Зелинский озадаченно смотрел вертолетам вслед, когда к нему, тяжело дыша, подбежал сержант-радист:
— Товарищ майор, вас. — Майор схватил микрофон с наушником, назвал позывной и несколько секунд, прищурившись, вслушивался в то, что ему говорили. А потом заорал:
— Что?! Да они там на мозг упали, что ли? Мы только закрепились, мы же сейчас их на тряпки порвем! Какое отступать?! Да пошел он на хер, главком! Зачем начинали тогда?! Товарищ полковник, вы меня не пугайте, пуганый я!
Через минуту он бросил микрофон и длинно выругался. Потом плюнул под ноги и несколько секунд смотрел на пузырчатую звездочку, проступавшую в светлой дорожной пыли. Налюбовавшись, он негромко приказал:
— Комвзводов ко мне.
Радист, неловко собиравший рацию, не отреагировал.
— Сержант, твою мать, глухой? Комвзводов ко мне, живо!
Сержант ошалело отпрянул от комроты, развернулся и бросился бежать к ближайшему старлею, которого хотя бы знал в лицо. Он не услышал, как майор, глядя на так и не освоенную деревеньку, пробормотал:
— Они мои кровники. Все.
Через пять минут в небо одновременно взмыли зеленая и красная ракеты.
— Наш флаг, — пробормотал ополченец Нияз Салимгараев, на миг оторвавшись от прицела (он занимал последний рубеж обороны и потому не был даже ранен — лишь сильно изгваздан и оглушен).
Рота Зелинского прекратила огонь и осторожно оттянулась к бронетехнике. Техника взревела, взлохмачивая асфальт, и отправилась прочь.
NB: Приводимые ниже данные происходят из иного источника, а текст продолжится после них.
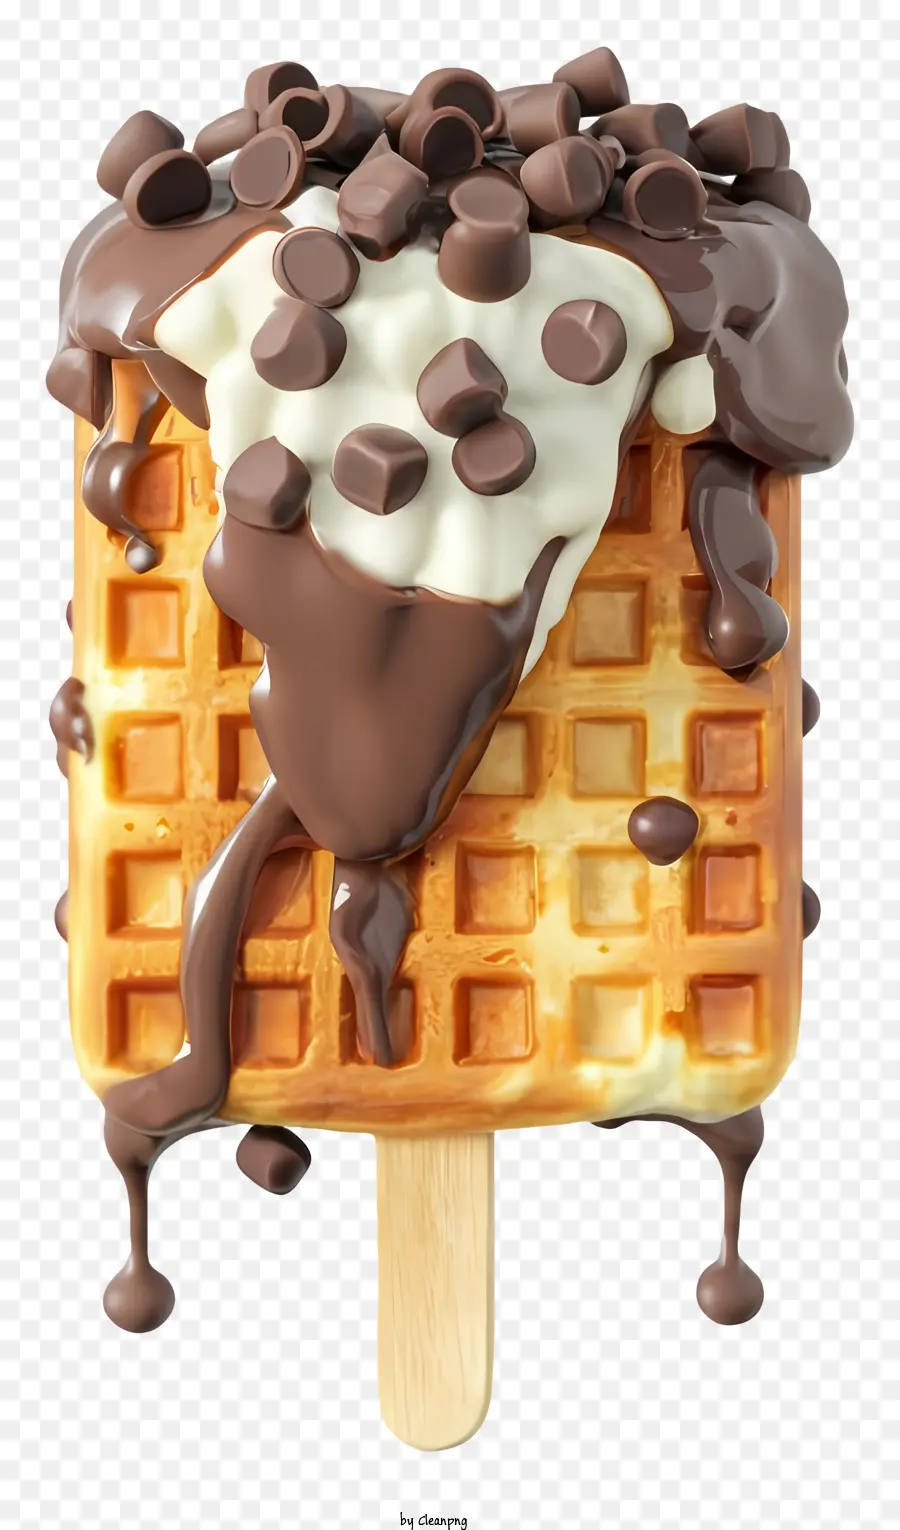 Cartoon Waffelschokoladenstückchen Weißer Schokoladen -Schokoladensirup weißer Schokoladen -Zuckerguss - Nahaufnahme Bild von Schokoladen-Chip-Waffel am Stock

Ополченцы не покидали укрытий еще полчаса, пока ожившие рации не объявили отбой тревоги. Потом откапывали раненых и мертвых, потом перевязывали и считали раны. Раненых было много. Убитых тоже. Пропавшим без вести считался Артем Соловьев — молодой убийца из Буинска, который три года прослужил в Чечне по контракту в качестве разведчика-диверсанта, а после подписания мирного договора ушел в ОМОН, быстро затосковал, уволился, вернулся домой и совсем собрался удрать в какой-нибудь Иностранный легион, но тут ему организовали войну с доставкой на дом. Он вступил в ополчение в первый же день, отказался от званий и должностей, которые ему предложили, изучив документы. Лишь выторговал для себя особый статус и свободу действий. Пользуясь этой свободой, он ранним утром, когда все увлеченно окапывались по огородам, ускакал в сторону далекого леса да так и не вернулся. Вместо него колхозники из соседней деревни привезли в прицепе трактора парня с изувеченным лицом и сломанной шеей. Из одежды на нем было только армейское белье, солдатский медальон Рамиля Шакирзянова и серебряный кулон в виде полумесяца. Эти детали и направили крестьян к ближайшему отряду ополченцев. Шакирзянова никто не признал, крестьяне даже после запугивания не признались, куда дели его одежду, документы и оружие, — зато без смущения сообщили, что еще двух убитых, с нательными крестиками, только что отвезли к роте федералов. Колхозников пришлось отпустить, а Шакирзянова с почестями похоронить вместе с другими павшими ополченцами. Никто так и не узнал, что Рамиль Шакирзянов был тем самым ульяновским десантником Ромой, так запомнившимся Михаилу Купряеву и убитым Артемом Соловьевым. А Артем Соловьев, убитый Михаилом Купряевым, и Александр Жемко, убитый Артемом Соловьевым, отправились сначала в ульяновский поселок Поливно, где располагалась 31-я бригада ВДВ, а потом, в цинковых гробах, — по адресам, откуда призывались Шакирзянов и Жемко. Руководство бригады, увидев, что осталось от головы неопознанного трупа, решило не вдаваться в подробности, сняло с тела крестик и отправило родителям Шакирзянова вместо сына его убийцу.
9
Город Москва — большой город, от этого в нем много народу.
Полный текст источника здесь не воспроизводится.